ASSIGNMENT -
Give back exactly the line containing "Brand New in" together with all the lines after it, ending at the final line below.

DATA -

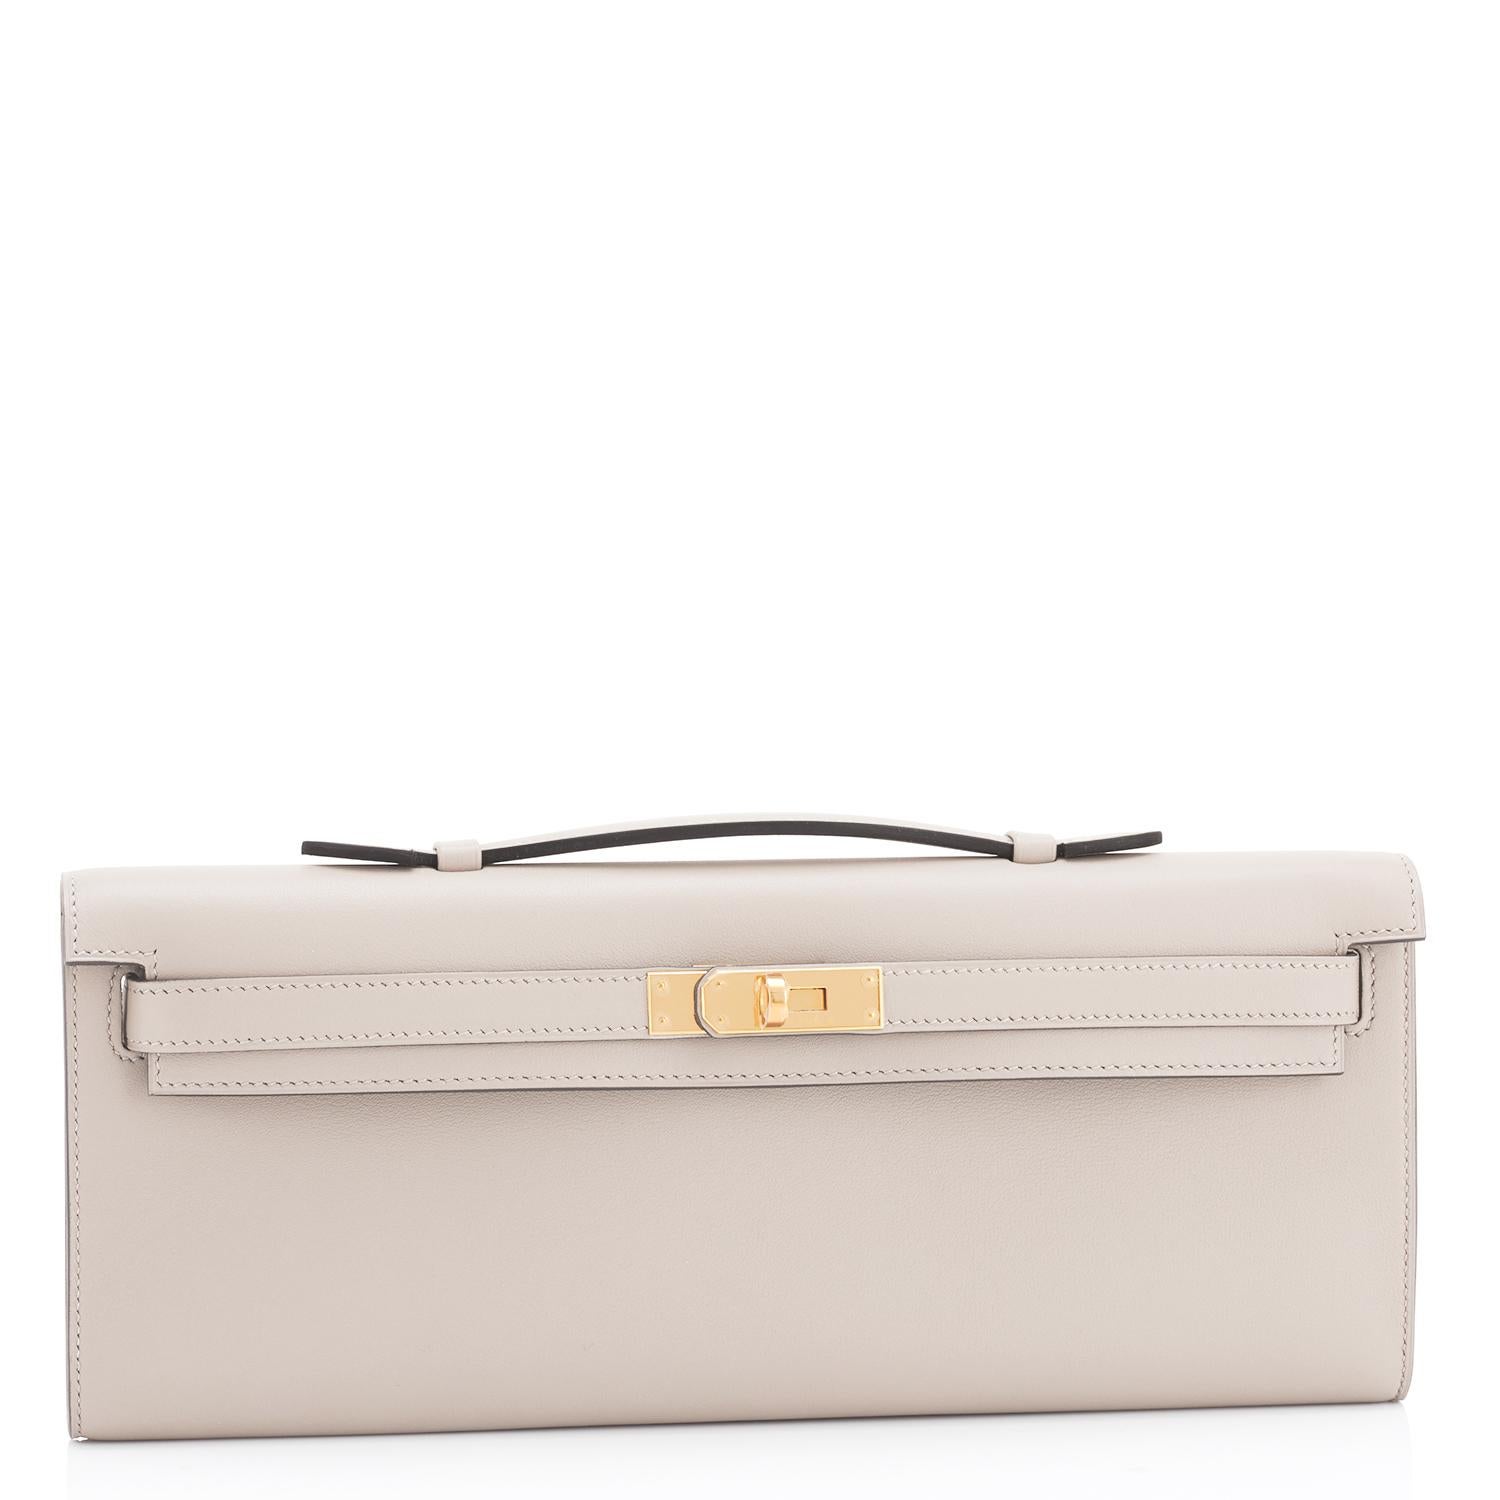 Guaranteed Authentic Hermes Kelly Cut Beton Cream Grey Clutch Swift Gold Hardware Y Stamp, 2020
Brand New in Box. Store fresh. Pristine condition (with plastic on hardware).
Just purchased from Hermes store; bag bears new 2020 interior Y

PROBLEM SOLUTION -
Brand New in Box. Store fresh. Pristine condition (with plastic on hardware).
Just purchased from Hermes store; bag bears new 2020 interior Y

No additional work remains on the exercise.